Another hadith , which was taken up in the canonical collection of Muslim ibn al-Hajjājāj and is traced back to the Kufic traditionarian Hudhaifa ibn Asīd al-Ghifārī (st. 42/662) reads:
“The angel joins the drop after it has stayed in the womb for 40 or 45 nights. And he says: Oh Lord! (Should he be) 'damned' (where unhappy) or 'blessed' (where happy) (be)? Both are written down. And he says: Oh Lord! (Should he) be male or female? And both are written down. And his actions, influence, date of death and livelihood are recorded. Then the leaves are rolled up. And nothing is added or shortened in it. "
Such traditions played an important role in the early Islamic discussions about predestination . Hudhaifa is said to have recited his hadith when the Meccan ʿĀmir ibn Wāthila (d. 718 or later) doubted the correctness of the predestinian doctrine propagated by ʿAbdallāh ibn Masʿūd.
Modern interpretations of the Nutfa
Various modern Muslim scholars have tried to harmonize the teachings from the Koran and Hadith on Nutfa with modern biological knowledge. For example, the Iraqis Iyad As'ad dunun aš-Sawi has developed the theory in a book about the evolution of man, that there are three types of Nutfa: 1. male Nutfa that the sperm corresponded, which are contained in the semen; 2. the female Nutfa, which corresponds to the egg cell expelled by the ovaries ; and 3. the Nutfa as a mixture according to sura 76: 2, which corresponds to the zygote .
literature
- MA Albar: Human development as revealed in the holy Qurʾān and ḥadīth . 3rd edition. Jeddah 1992.
- Julia Bummel: Procreation and prenatal development of humans according to writings of medieval Muslim religious scholars on the "medicine of the prophet". Hamburg 1999. Available online at: http://ediss.sub.uni-hamburg.de/volltexte/1999/244/pdf/Dissertation_Julia_Bummel.pdf
- Theodor Frankl: The origin of man according to the Koran.
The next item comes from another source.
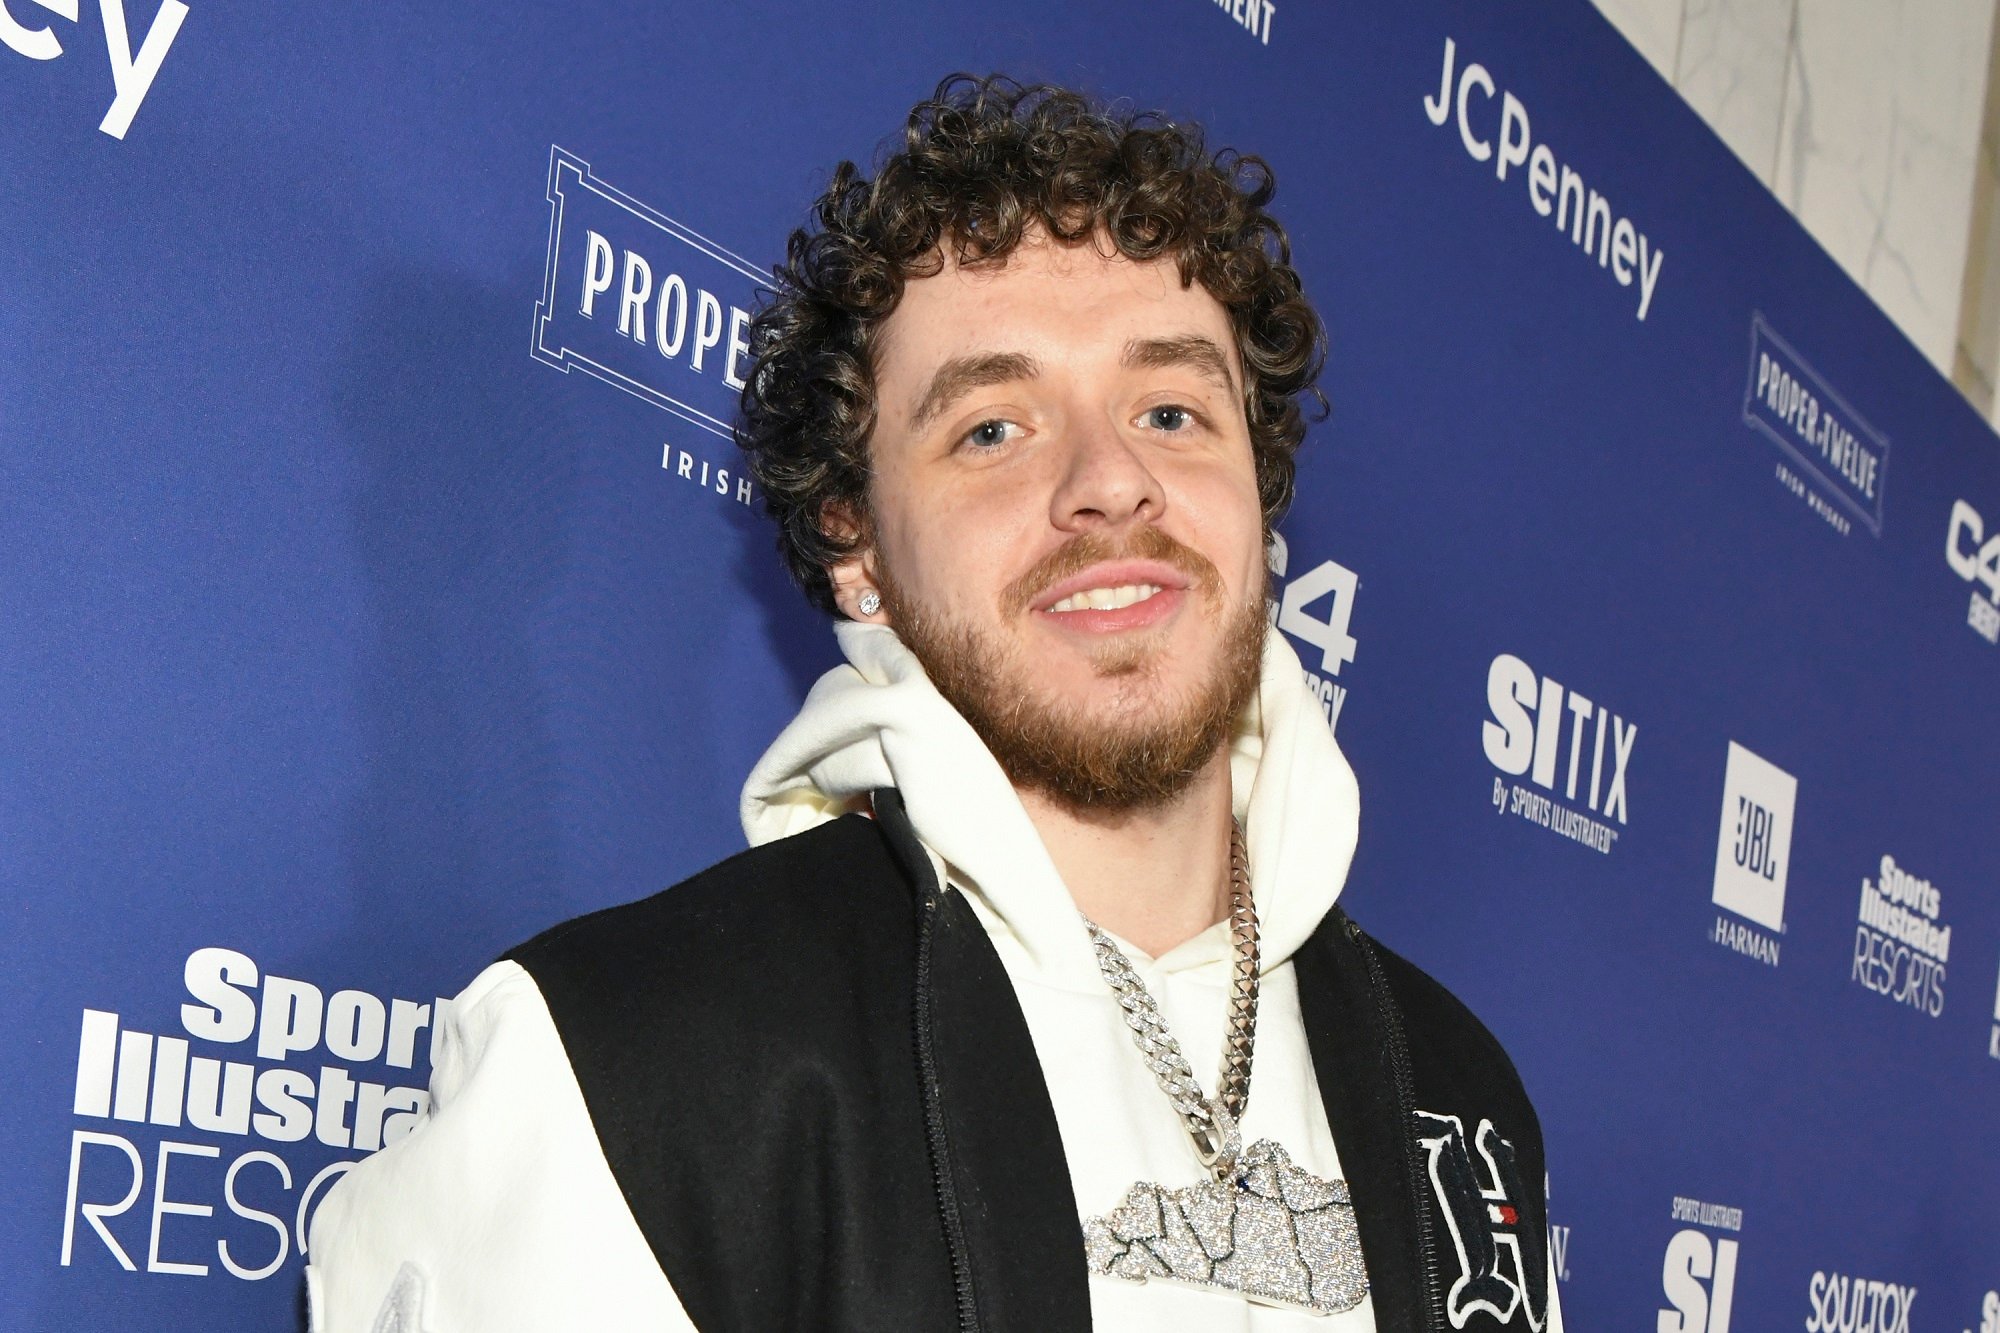 Jack Harlow attends the Sports Illustrated Super Bowl Party at Century City Park

Prague: Calve 1930. Available online here: http://archive.org/stream/MN41889ucmf_3#page/n3/mode/2up
- Ayād Asʿad Ḏunūn aš-Šāwī: al-Masār min an-nuṭfa ilā dār al-qarār . Al-Mauṣil: al-Maġrib li-ṭ-Ṭibāʿa wa-t-Taṣmīm 2000.
- Ursula Weisser: Conception, Heredity and Prenatal Development in Medicine of the Arab-Islamic Middle Ages . Erlangen 1983.
Individual evidence
- ↑ Cf. at-Tabarī: Ǧāmiʿ al-bayān ʿan taʾwīl āy al-qurʾān ad Sura 36: 77-79.
- ↑ See Frankl 25.
- ↑ See Frankl 27.
- ↑ See Weisser 117–119.
- ↑ See Bummel 76f.
- ↑ See Bummel 82f.
- ↑ See Weisser 103-109.
- ↑ See Bummel 183, 197.
- ↑ Quoted from Bummel 200f.
- ↑ See Weisser 356.
- ↑ See Frankl 32.
- ↑ Quoted from Bummel 193.
- ↑ Cf. al-Ǧāmiʿ aṣ-ṣaḥīḥ, K. al-qadar No. 2.
- ↑ Quoted from Bummel 184f.
- ↑ See Josef van Ess: Between Ḥadīṯ and Theology: Studies on the emergence of predestinian tradition . Berlin [u. a.]: de Gruyter 1975. pp. 1-32.
- ↑ See van Ess 22.
- ↑ Cf. his book al-Masār min an-nuṭfa ilā dār al-qarār p. 19. Albar 57-63 said something similar earlier.